ThéâtreCritiques de théâtre
Crédit photo : Yanick Macdonald
Impossible de raconter une histoire claire et continue pour décrire Tout ce qui n’est pas sec. Outre le confinement des six personnages dans une pièce aux allures de gymnase d’école secondaire de laquelle ils sont incapables de sortir, aucun élément de ce qui est raconté n’est assez net ou stable pour faire partie d’une ligne narrative concrète. Est-ce que cette captivité est une métaphore de notre emprisonnement dans notre propre corps, dans nos propres pensées? À l’opposé de l’eau – thème qui lie dans cette pièce toutes les choses entre elles –, qui se faufile partout et s’infiltre dans toutes les matières, sommes-nous trop rigides et incapables de nous libérer?

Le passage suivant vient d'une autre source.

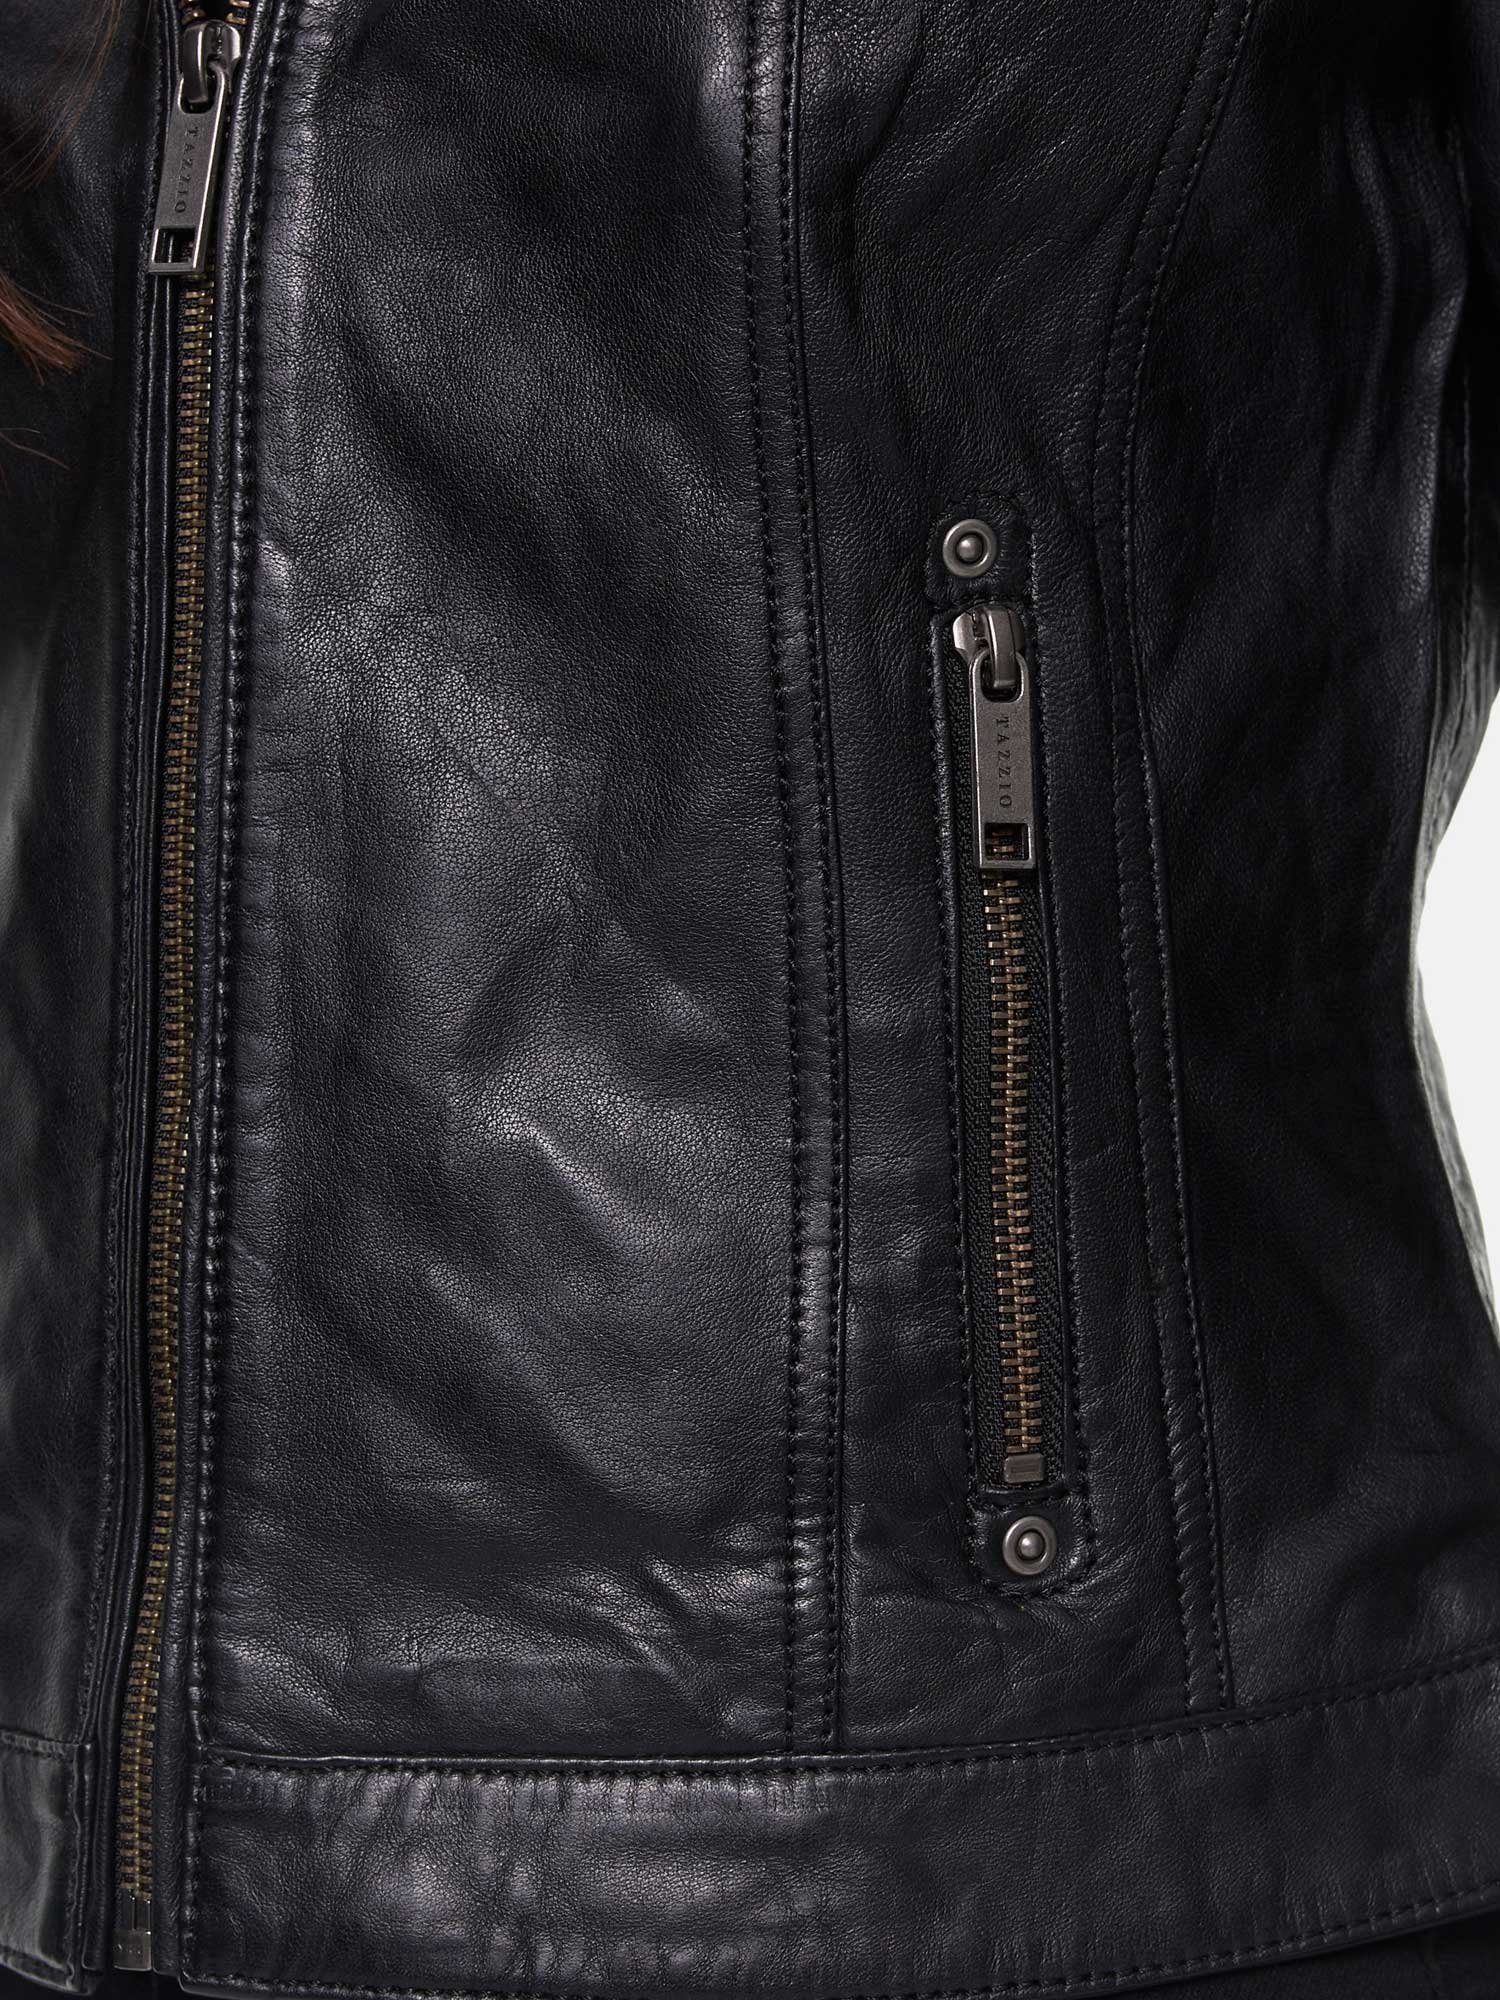 Tazzio Lederjacke F503 Biker schwarz Look Damen Leder im abnehmbarer Jacke mit Kapuze
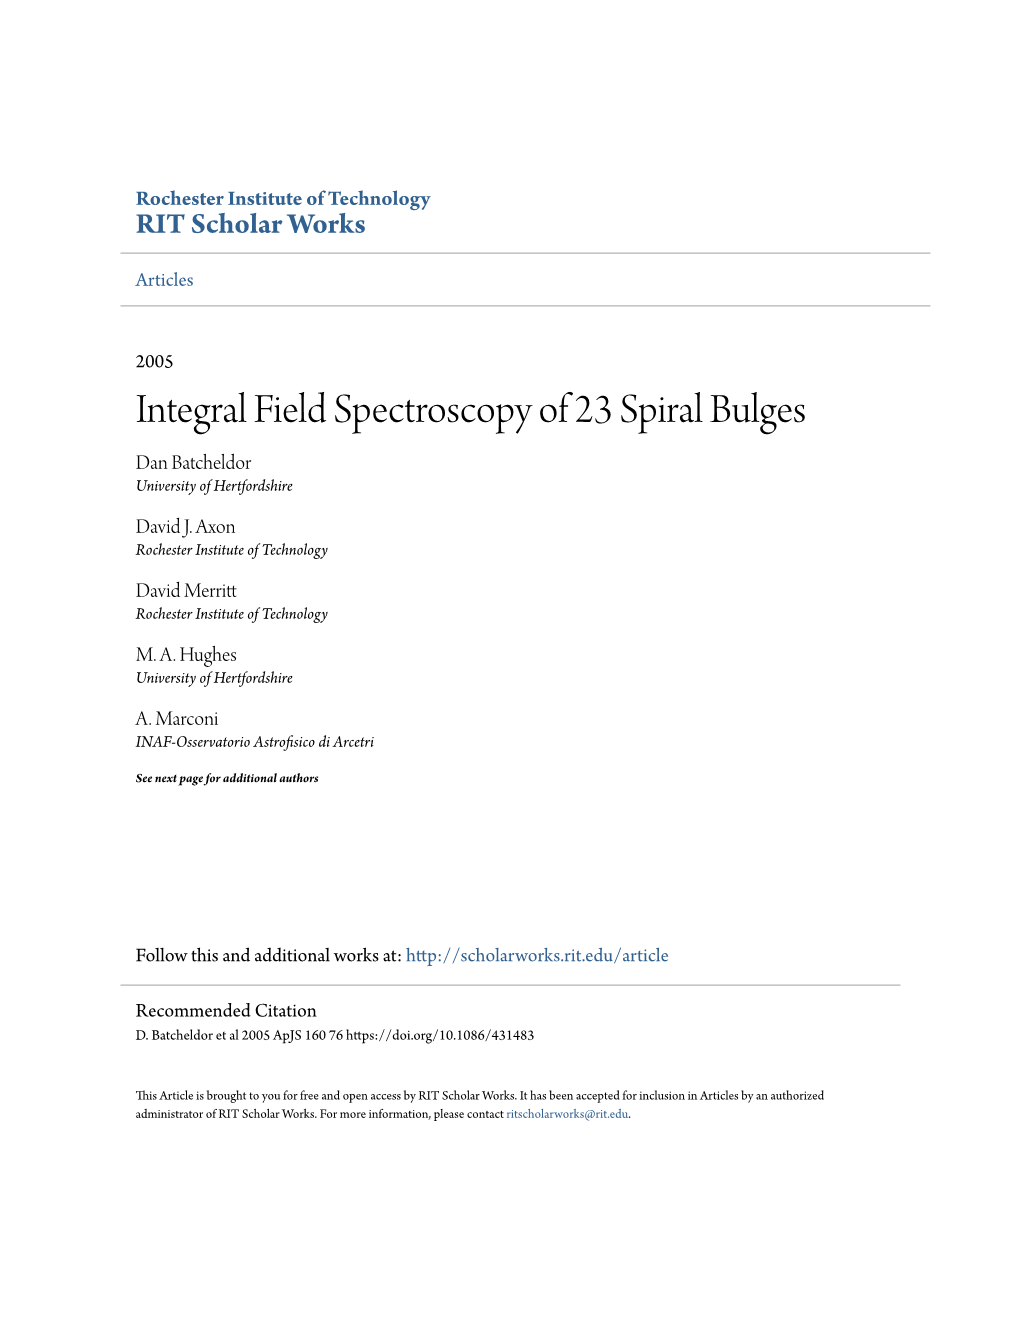 Integral Field Spectroscopy of 23 Spiral Bulges Dan Batcheldor University of Hertfordshire

Alors qu’il utilise des bottes de pluie qui tombent du ciel comme une métaphore pour se demander s’il est possible de sortir de soi, Simon Lacroix prouve qu’il maîtrise à merveille l’art d’insérer de grands questionnements philosophiques dans un chaos qui semble imprévisible, mais qui est tout à fait contrôlé. Malgré tout, à l’instar de ces fameux cours de philosophie, il ne faut pas voir en Tout ce qui n’est pas sec des réponses à ses remises en question, puisqu’on en ressort plutôt avec davantage de questions encore.
Pourtant, c’est presque un sentiment de l’enfant qui regarde une émission jeunesse qui se veut éducative qui nous assaillit en tant que spectateur. Joués gros – sans surjouer! -, les drôles de personnages passent d’une expérience à l’autre pour tenter de comprendre un comportement ou une réalité, en s’interrogeant sur l’insuccès, puis en tentant à nouveau l’expérience et en s’exclamant de bonheur – «Tiens, c’est intéressant, ça!» – lorsque ça fonctionne, avant d’expliquer la réussite, telle une morale suggérée aux tout-petits.
C’est donc l’esprit ouvert qu’il faut se rendre au Théâtre de Quat’Sous afin de, comme les comédiens, plonger dans l’univers de Simon Lacroix. En devant jongler avec les voix enregistrées, les sons et éclairages variés et efficaces, les pieds dans l’eau et les sauts inattendus entre plusieurs sujets sans lien – comme ces drôles de dialogues entre Knut et Sigrid –, Félix Beaulieu-Duchesneau (à la présence soutenue et solide), Amélie Dallaire, Kathleen Fortin (aussi épatante dans un registre plus naïf et comique que dans les moments plus tragiques), Denis Houle, Simon Lacroix et Diane Lavallée ont très bien plongé, et mériteraient sans doute une médaille olympique, ne serait-ce que pour cette remarquable scène où les six sont en parfaite symbiose!
Car ça n’est pas une mince affaire de se remettre en question et de se libérer du poids de l’incompréhension de ce qui nous entoure, de ce qui est plus grand que nous, ce pour quoi nous n’aurons jamais de réponse. Qui est-on? Qu’est-ce qui fait ce que nous sommes? A-t-on des trous en nous, et comment les remplir? Ce genre de vides existentiels dans lesquels il fait peur de plonger…Mais il ne faudrait surtout pas trop analyser les composantes de cette pièce, comme pour le riz mentionné par Beaulieu-Duchesneau qui ne fait pas du tout référence à nos relations avec l’Asie. Il ne semble pas y avoir d’objectif concret au spectacle, sinon le divertissement et, bien sûr, le questionnement.
Insérant d’ailleurs de jolie façon dans sa pièce une fausse rencontre entre les artistes du spectacle et le public, Simon Lacroix avance lui-même que la création d’une pièce n’est qu’une façon tout à fait égocentrique de faire son grand spectacle, avec des scènes colorées, pour faire parler de lui. Prise au premier degré, Tout ce qui n’est pas sec pourrait effectivement être perçu de cette façon, mais il faut prendre le temps de ressasser ce raz-de-marée de mots, d’images et de propositions originales pour voir clair dans ses abysses.
La pièce Tout ce qui n’est pas sec, écrite par Simon Lacroix et mise en scène par Charles Dauphinais, est une création du Théâtre de Quat’Sous et du Théâtre SDF (Sans Domicile Fixe). Elle est présentée jusqu’au 12 avril 2015.